Runs kubectl commands against a kubeconfig. Tools:

• get — kubectl get with optional namespace and label selectors
• describe — kubectl describe
• apply — apply a manifest from a string or file
• delete — delete a resource
• logs — get pod logs
• exec — exec into a pod

Credential: KUBECONFIG env var pointing to your kubeconfig file.

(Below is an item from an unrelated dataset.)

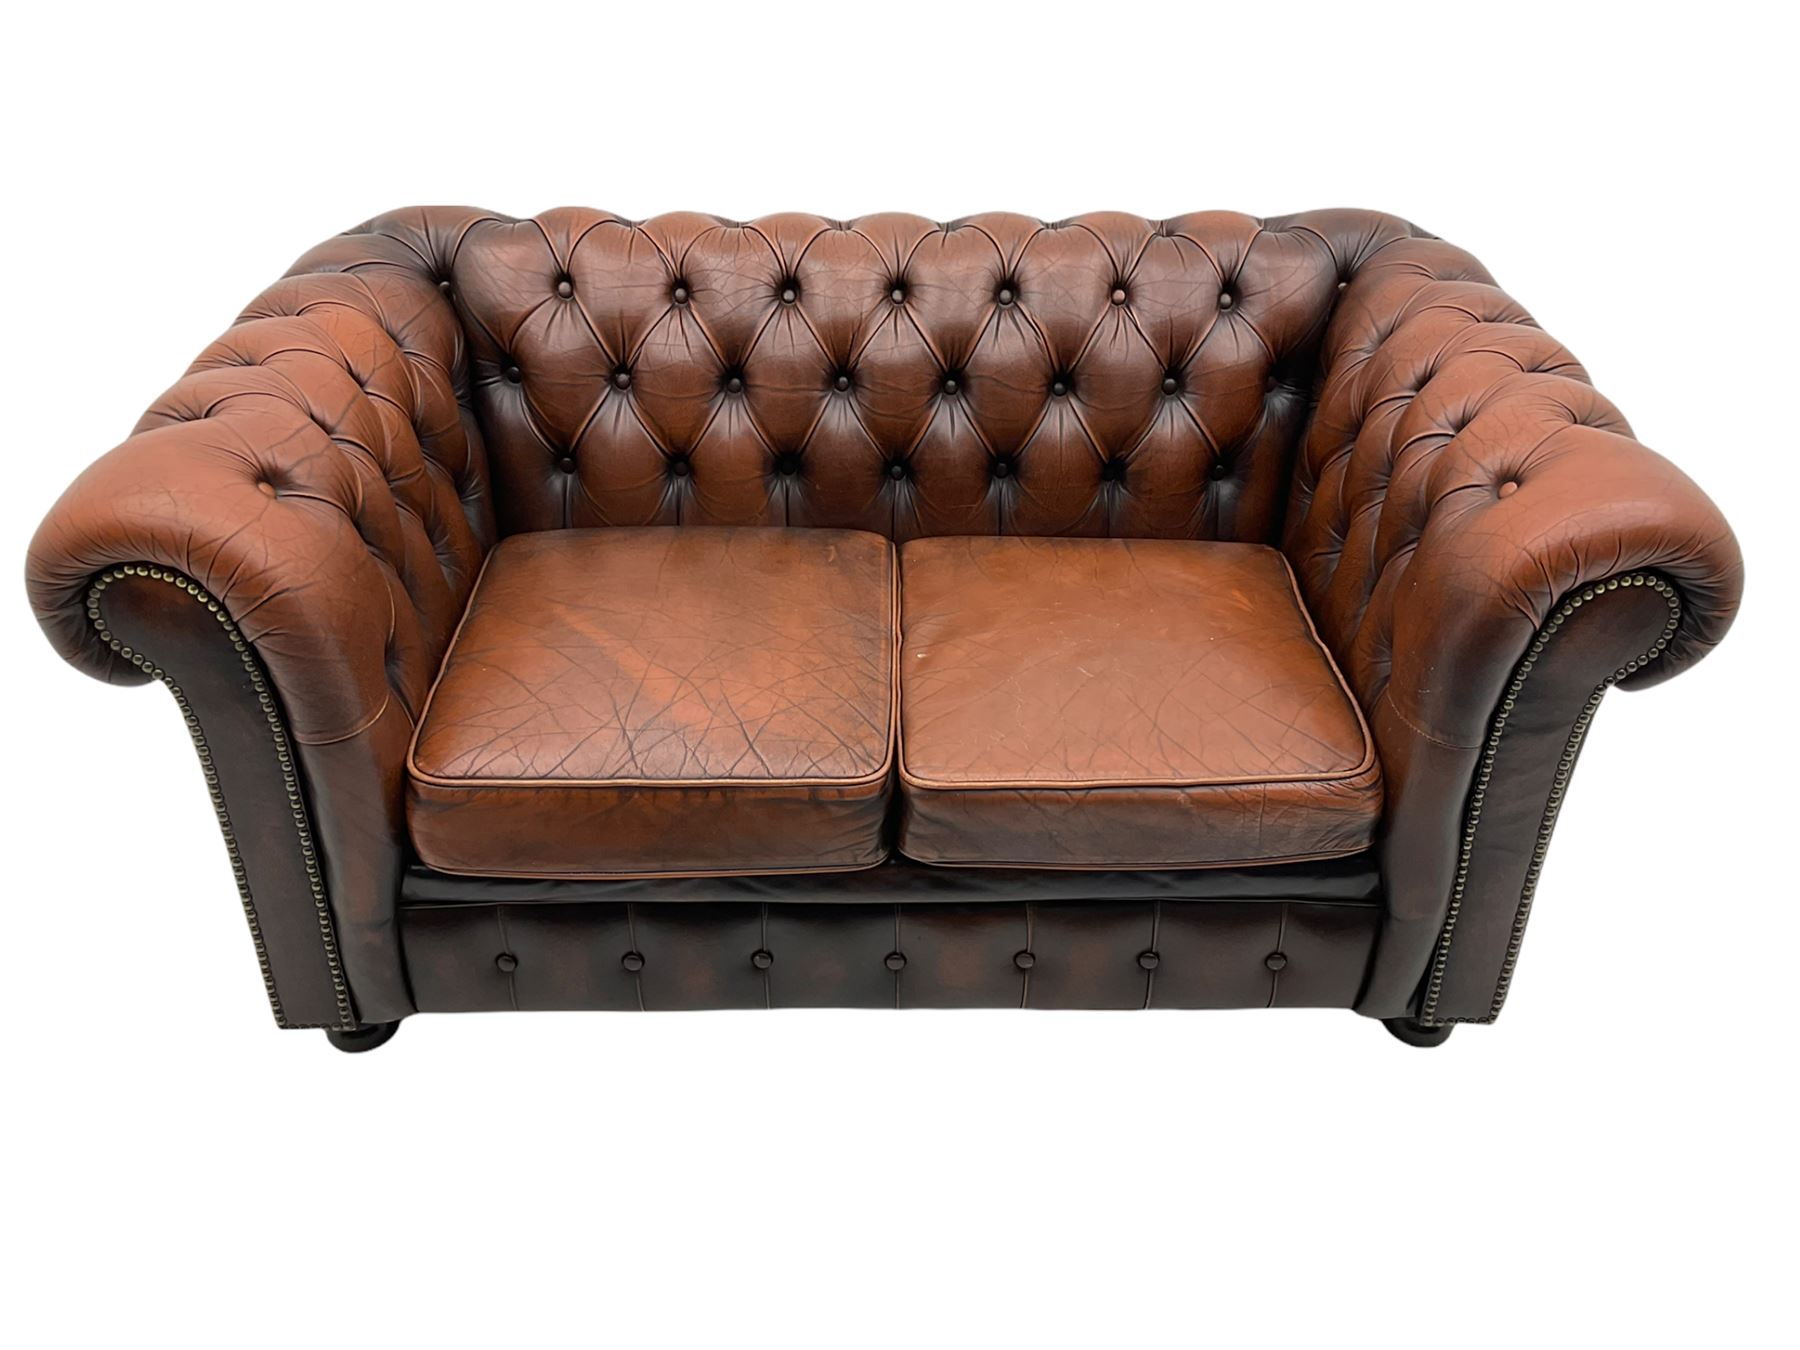 Chesterfield two seat sofa - Image 2 of 6

The pattern is consistent across all six. Here’s the skeleton:

package main

import (
    "context"
    "github.com/mark3labs/mcp-go/mcp"
    "github.com/mark3labs/mcp-go/server"
)

type srv struct{ /* your client */ }

func main() {
    s := &srv{}
    mcpServer := server.NewMCPServer("my-tool", "1.0.0")

    mcpServer.AddTool(
        mcp.NewTool("do_thing",
            mcp.WithDescription("Does a thing"),
            mcp.WithString("param", mcp.Required(), mcp.Description("The param")),
        ),
        s.doThing,
    )

    server.ServeStdio(mcpServer)
}

func (s *srv) doThing(ctx context.Context, req mcp.CallToolRequest) (*mcp.CallToolResult, error) {
    param := req.Params.Arguments["param"].(string)
    // do the thing
    return mcp.NewToolResultText("done: " + param), nil
}

func errResult(err error) (*mcp.CallToolResult, error) {
    return mcp.NewToolResultError(err.Error()), nil
}

Key points:

• Always use mcp.NewToolResultError() for errors, not mcp.NewToolResultText(). The isError: true flag is how Claude knows the operation failed.
• Don’t call os.Exit before server.ServeStdio().
• Keep tool names lowercase with underscores — Claude handles them more reliably than camelCase.
• Write descriptions as imperative sentences: “List all VMs on the cluster”, not “Lists VMs” or “VM listing tool”. Claude uses these to decide which tool to call.

Add it to mcp/ and wire it into Makefile and scripts/install-mcp.sh.

If a tool isn’t working, the fastest path is to run the server directly and send it a test request:

# Build and run the server
go build -o /tmp/test-server ./mcp/proxmox
PROXMOX_HOST=192.168.1.10 PROXMOX_API_TOKEN="root@pam!claude=..." /tmp/test-server

# In another terminal, send a raw MCP request
echo '{"jsonrpc":"2.0","id":1,"method":"initialize","params":{"protocolVersion":"2024-11-05","capabilities":{},"clientInfo":{"name":"test","version":"1.0"}}}' | /tmp/test-server

Claude Code also logs MCP traffic if you run it with --debug. The logs show exactly what JSON is being sent and received for each tool call.